Working Parents Are Demanding Empathy, but Companies Aren’t Delivering

We’ve all heard by now of the Great Resignation, a term that has been flooding inboxes, social media, and research reports since last spring. Coined by Anthony Klotz, a Texas A&M professor of organizational psychology, the Great Resignation predicted a mass exodus from the workforce.

Klotz was right—and what unfolded became larger than anyone could have imagined.

In the first year of the pandemic, the U.S. resignation rate fell to a 7-year low of 1.6%, but as the pandemic continued, workers began quitting their jobs in droves despite there already being massive labor shortages and high rates of unemployment—behavior akin to a widespread strike. Four million Americans quit their jobs in July 2021 alone, which resulted in a record-breaking 10.9 million open jobs.

Optimism Abounds for a Return to Normalcy in 2022

As the labor market enters a new year, hope abounds, with messages about 2022 being the year of the Great Return, the Great Renegotiation, or the Great Renewal, to name a few. While many employers long for the end of the pandemic and a return to normalcy, COVID-19 was merely the tipping point of decades-long brewing frustrations among workers, and employers are being forced to address the root causes of these frustrations head-on.

A PricewaterhouseCoopers survey from August 2021 reported that 88% of executives said their company was experiencing higher turnover than normal. While higher rates of turnover are expected among young employees, the majority who left the workforce in 2021 were between ages 30 and 45. It’s no coincidence that this is also the most common age range of parents with children under age 18.

Employees Wield the Power in the Post-Pandemic World

What’s happening? The pandemic has impacted parents of young and school-age children in unique ways. Between delayed vaccinations, unpredictability in school closures, and ever-changing protocols for COVID exposures, parents are facing massive employment and lifestyle disruptions. Each week is a gamble, with parents never knowing when their children will be in school and when the entire family will be in quarantine. This coupled with managing aging parents, many of whom have been negatively impacted by COVID-19, and delays in preventive care has resulted in a breaking point for many in the sandwich generation, who are continually forced to choose between working and being there for their families.

Because of the current market dynamics, we’ve entered into a first in the American labor market: Employees have the power. Plenty of jobs? Check. Flexibility to work in any geography? Check. Freedom to work the hours they want? Check. What we have is the Great Return—but not the return employers may be counting on. Instead, what we’re seeing is a return to simpler times, times when family came first and work second. American workers are tired of looking at friends and colleagues in other regions of the world and seeing a greater emphasis on work/life balance.

This is putting enormous pressures on businesses, which aren’t just losing workers to other opportunities; they are losing them to a restructuring of life priorities. While some organizations are getting creative in response to the caregiver crisis, like The New York Times’s primal scream hotline, which offers a safe space for mothers to scream, cry, laugh, or vent their current frustrations, many corporations have not been agile during the pandemic’s ebbs and flows. This is having a major impact on employee retention, especially in the industries that have experienced increased demands due to the pandemic, like health care and tech, sectors in which burnout has skyrocketed.

When employees across the United States were polled by LinkedIn, the number one reason for job dissatisfaction was a feeling that their employers don’t care about them. Empathy-driven policies, employee well-being, and work/life balance were the top three drivers of employee retention among Gen Z and millennials.

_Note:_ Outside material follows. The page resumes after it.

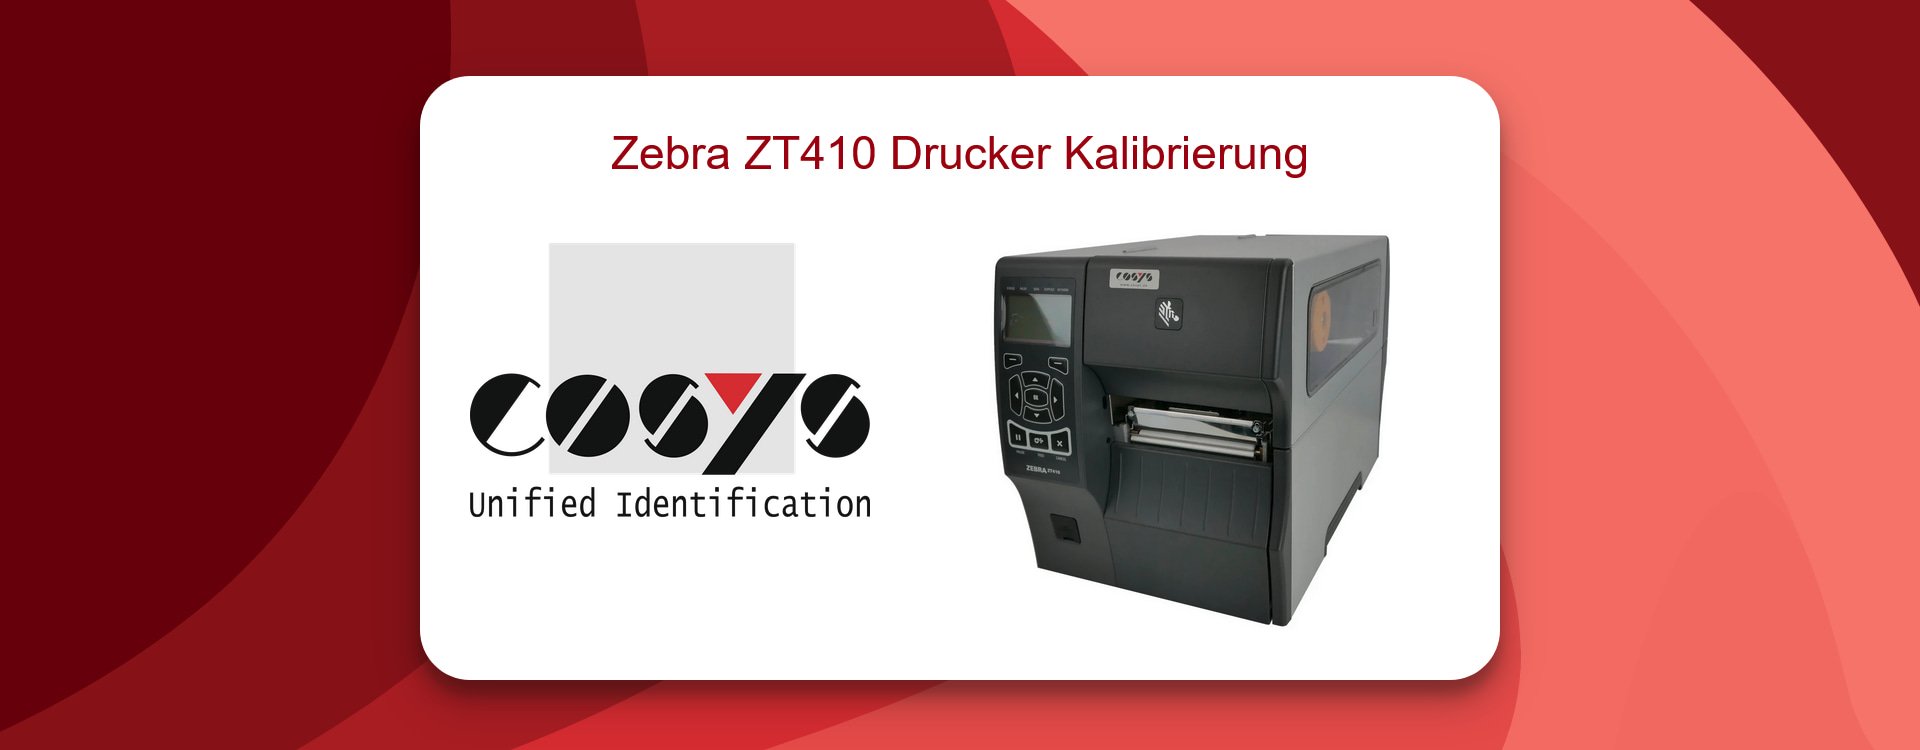 Optimale Zebra ZT410 Drucker Kalibrierung

To Retain Talent, Employers Must Lead with Empathy

Some corporations are rising to the challenge with greater transparency thanks, in part, to the #ShowUsYourLeave hashtag that first went viral in early February 2022, but paid leave is only one fraction of the caring culture that midlevel employees so desperately seek. More than 50% of Gen Z and two-thirds of millennials want to see an increase in mental health and wellness support from their employers, yet a recent survey by Willis Towers Watson found that only 25% of U.S. employers have adopted a well-being strategy. Another Willis Towers Watson survey found that caregiving demands were the top driver of employee stress, yet only 20% of organizations have even asked their employees what they need most from caregiver support benefits.

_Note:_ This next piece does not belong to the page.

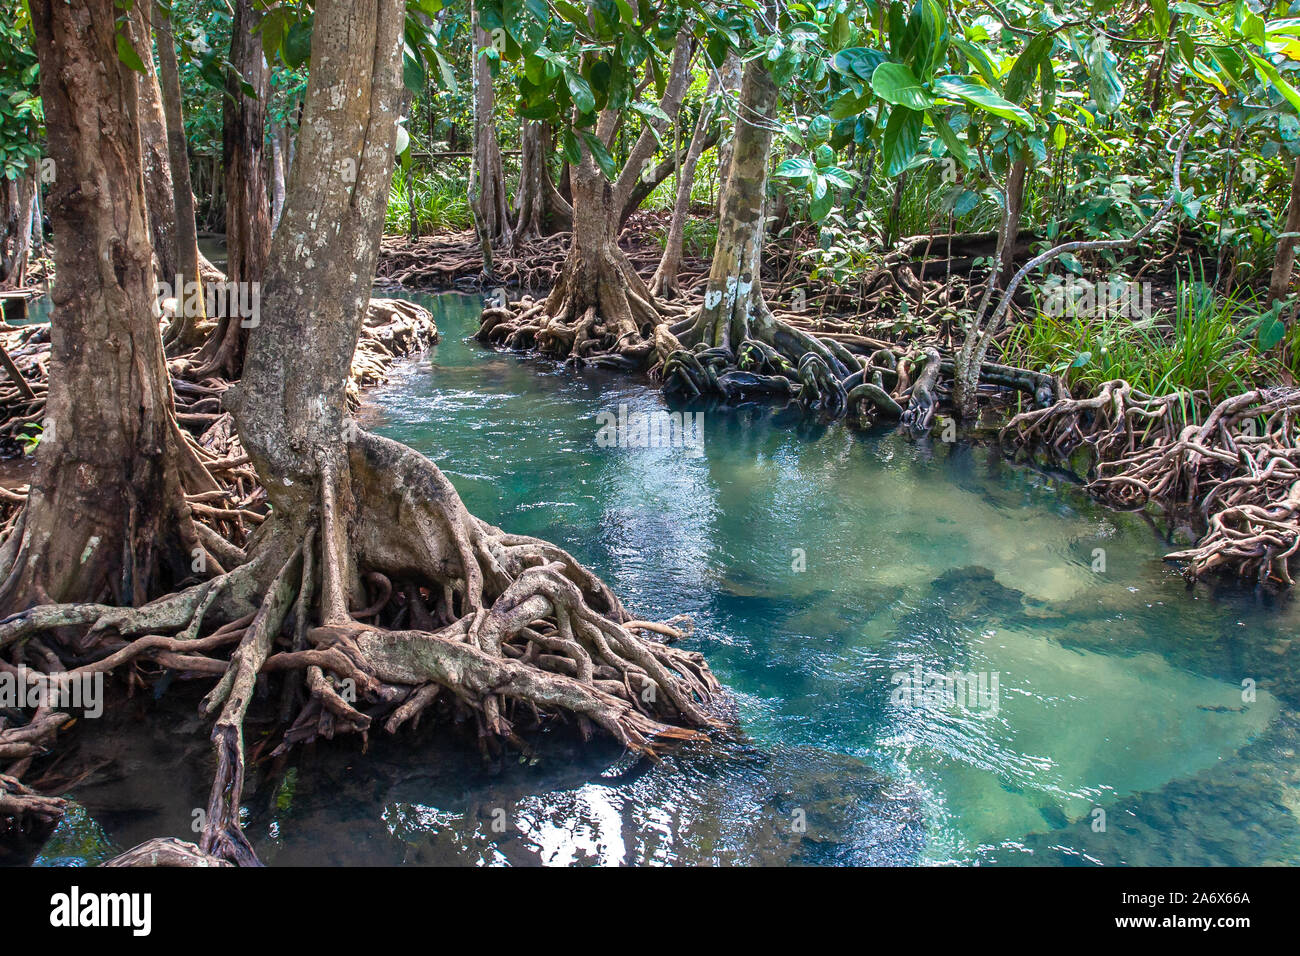 Ein kleiner Fluss fließt durch einen Mangrovenwald mit dicken Bäume mit twisted Wurzeln. Das Wasser ist Grün und Klar. Um den asiatischen Dschungel. Stockfoto

Employers are falling behind the demands of the workforce. As parents continue to struggle with the impact of COVID-19 on their families, their careers, and themselves, Gen Z and millennials expect companies to provide an authentically caring culture, with an eye toward personal and family well-being.

And if they don’t? There are jobs, many of which are remote, and work flexibility that provide your employees with the options needed to return to a simpler life focused on family.

Adam Goldberg is CEO and Aimee Gindin is head of marketing and strategy at Torchlight, a LifeSpeak company.